Michael Taravella, MD, professor of ophthalmology at the University of Colorado School of Medicine, was an early adopter of the device as his colleague, Malik Kahook, MD, developed it. Dr. Taravella finds the Verus a helpful adjunct to the femtosecond laser in certain cases. “I’ve come to believe as a cataract surgeon that the rhexis is probably the most important step in cataract surgery because even though it’s rare to have a posterior capsular tear, if you do have one you have many options in terms of lens positions if the rhexis is good. If you have a well-centered rhexis and it’s properly sized, you can handle a case in which a complication occurs because you’ll have an alternate place to put the lens. For example, you could put the haptics of a three-piece IOL in the sulcus and do optic capture, and that eye will turn out great. You could even do that with a three-piece multifocal lens if you had to. If you don’t have a femto and you really want a well-centered rhexis, the Verus gives you some choices when trying to create a perfect circle,” he says. Dr. Taravella says he finds the Verus useful in settings where a femtosecond laser isn’t available, as well as in those cases where using one isn’t feasible. “There are certain situations where I think it’s helpful. I’ve done more than 10,000 cases, so obviously, I don’t feel like I need it for help in learning the capsulorhexis. But I think if you’re really trying to get a well-centered, good rhexis in a premium IOL case for a toric or multifocal lens, it’s nice to have—especially if you don’t have a femtosecond laser available. You can get a nice, circular, well-centered rhexis, which I think helps in terms of estimated lens position and just the overall result and the way the lens looks in the eye,” he says.

Video capture of Dr. Taravella making a capsulorhexis with the Verus, a single-use silicone ring caliper. Micro-patterning on both sides of the ring acts as a lateral brake to keep the rhexis from extending radially. 

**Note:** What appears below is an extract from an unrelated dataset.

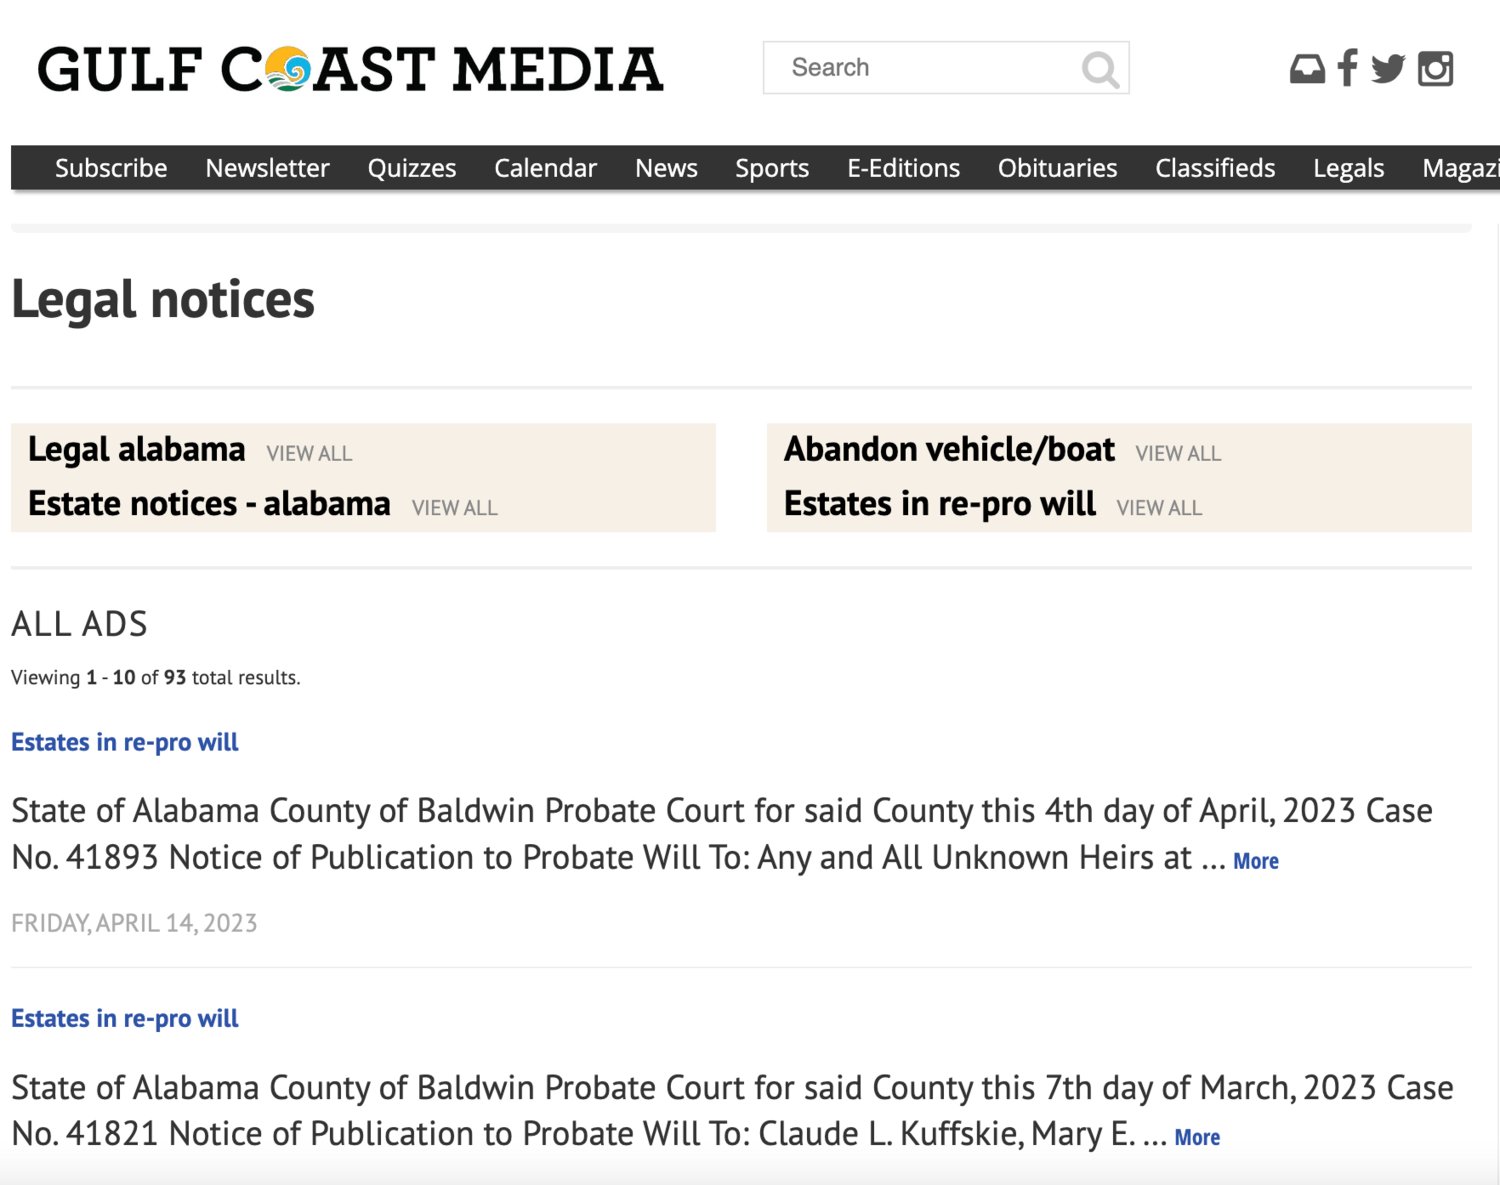 Public notices for Baldwin County are uploaded to GulfCoastMedia.com daily, providing the public an additional outlet to access the records, separated from government.

There are some eyes that aren’t good candidates for femtosecond capsulotomy, even when it’s available. Verus may be a handy, low-cost alternative in these select cases. “Sometimes you have a cornea that’s a little too steep or too flat and you can’t dock,” says Dr. Taravella. Complex cases like hypermature white intumescent cataracts are another example. “You can put the Verus ring down on top of the capsule, and it does help prevent an Argentinian flag syndrome. I think this a good device to help prevent the rhexis from going radially in some situations.” 

As an experienced surgeon and mentor, Dr. Taravella appreciates the Verus as a guide to help newer practitioners building their CCC skills. “I work with residents and fellows,” he says, “and I think that especially with residents early on, it’s a useful teaching guide. I do think it has some applicability to residents learning how to do a rhexis.” 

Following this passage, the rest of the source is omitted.